На меня — да, за всех не берусь сказать. На меня накладывает безусловно, я далеко не все могу себе позволить, да меня и не тянет допускать что-то, что вообще вне рамок приличий, так, попросту скажу.
Юрий Михайлович, еще чуть-чуть про современное творчество. Вот Вознесенский, очень хорошо вам известный, ведь его творчество, да и других шестидесятников, неотделимо от большой аудитории, звучащего слова и так далее, да?
Безусловно, да.
Кто-то говорит, что эта культура ушла. Где эти встречи в Политехническом музее с той же атмосферой и так далее. А с другой стороны, кто-то скажет: а вот современные рэп-батлы, где тоже какой-то нерв, какая-то боль? Вот меня один гость уверял, что в этом поколении хип-хопа, рэпа и так далее все продиктовано некоей большой внутренней болью. И кто-то скажет, что это вот продолжатели тех традиций, но вот на таком новом уровне. Я не знаю, насколько вы знакомы с этим, но вот как вам кажется, здесь можно говорить о какой-то преемственности или это уж совсем нетерпимо?
Да нет, конечно.
Нельзя?
Поэты-шестидесятники, при всей их коньюнктурной жилке у каждого, все-таки «поэт в России — больше, чем поэт» — это Евтушенко не придумал, и это в каждом осталось, или когда он писал: «А любил я Россию / всею кровью, хребтом — / ее реки в разливе / и когда подо льдом…» — чудесно. А какие есть строфы у Вознесенского: «О родина, попрощаемся, / буду звезда, ветла, / не плачу, не попрошайка, / спасибо, что жизнь была» — это ж строфы на разрыв аорты. А рэп, по-моему, это кривляние, я не берусь сказать, я вообще не знаю, что это такое, но меня и знать не тянет, просто иногда по телевизору что-то увидишь, какое-то уродство невероятное.

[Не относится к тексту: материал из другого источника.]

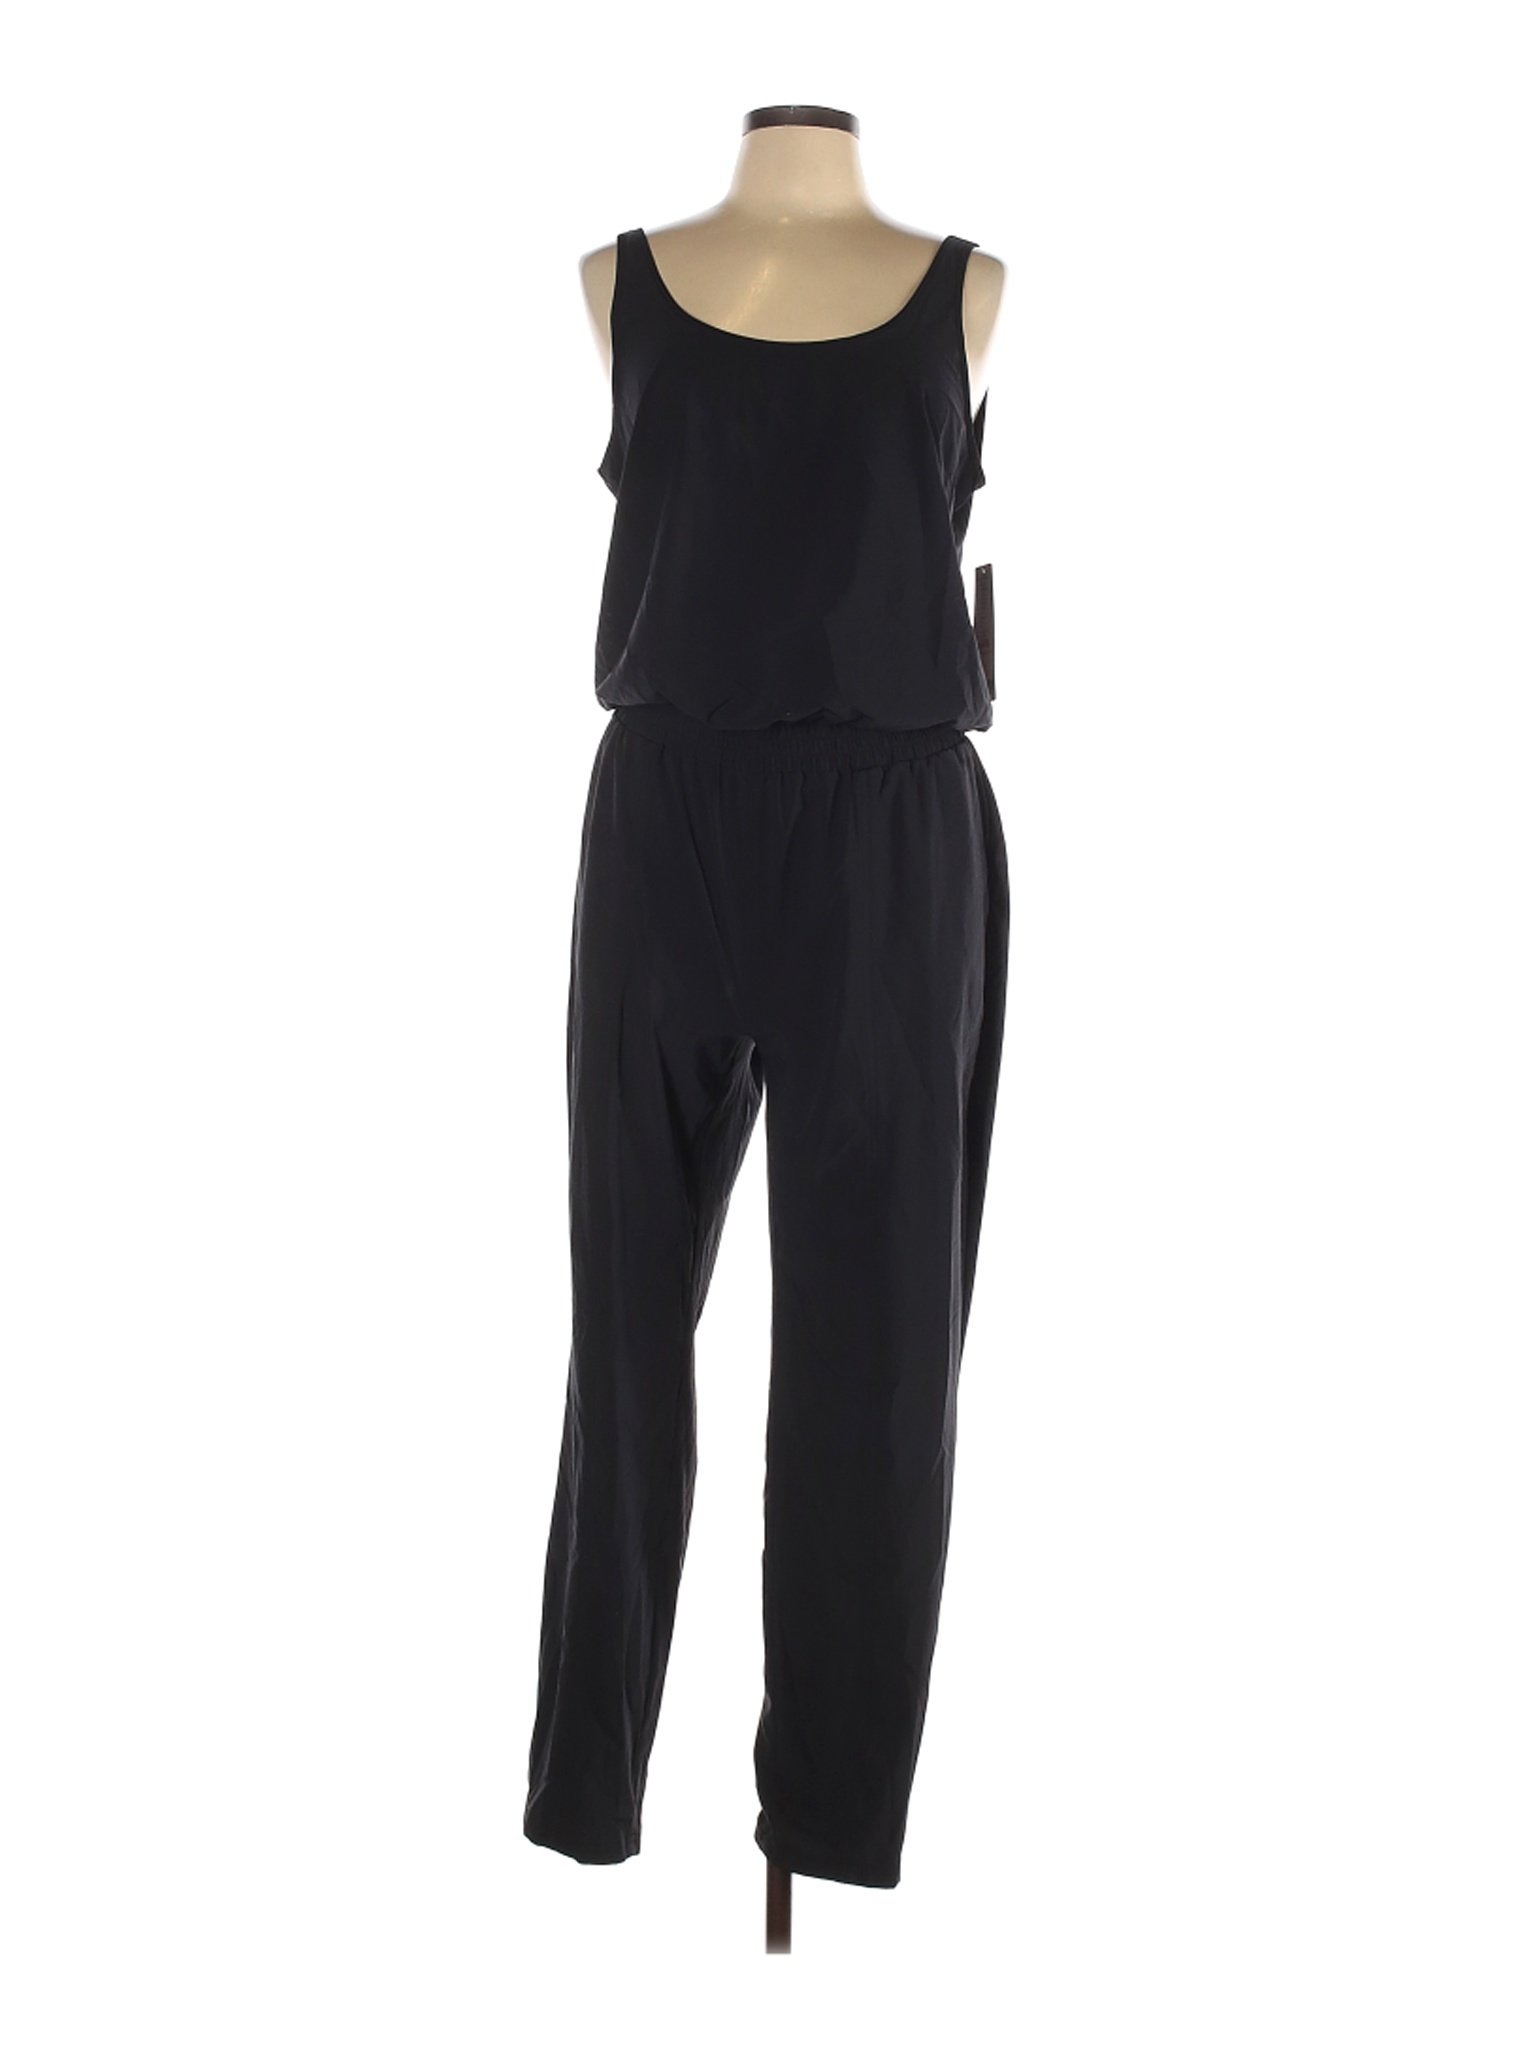 Athleta Solid Black Jumpsuit Size 12 - 40% off | thredUP

А может, это просто непонятная эстетика совсем, может быть, там…
Может быть.
Юрий Михайлович, еще один очень интересный для меня поворот этой же темы: в свое время Николай Николаевич Лисовой, Царствие Небесное, когда был у меня в программе, он напомнил, что смирение — это в том числе знание своей меры, и писалось даже «смерение» до революции, через «ять». А вот с этой точки зрения художник может быть смиренным, можете вы состояться как творец, зная при этом свою меру, тем более что — почему мне очень хотелось вас спросить — Павел Басинский, помню, определил вас, как смиренника-аристократа. Вот вы знаете свою меру как художник?
Это не надо знать даже, это не надо знать, это настолько органично, что, когда я пишу стихи, эта мера присутствует просто и все. Это не предмет знаний…
Не предмет рационального осмысления, да?
Да, рационального осмысления.
Тогда, пока еще мы в теме «Терпение»: сегодня только ленивый уже не говорит о том, что отличительная черта современных либералов — это нетерпимость к взглядам, которые они не разделяют…
Это не современно, это всегда так было.
Всегда, да, а вот в чем причина этого, как думаете?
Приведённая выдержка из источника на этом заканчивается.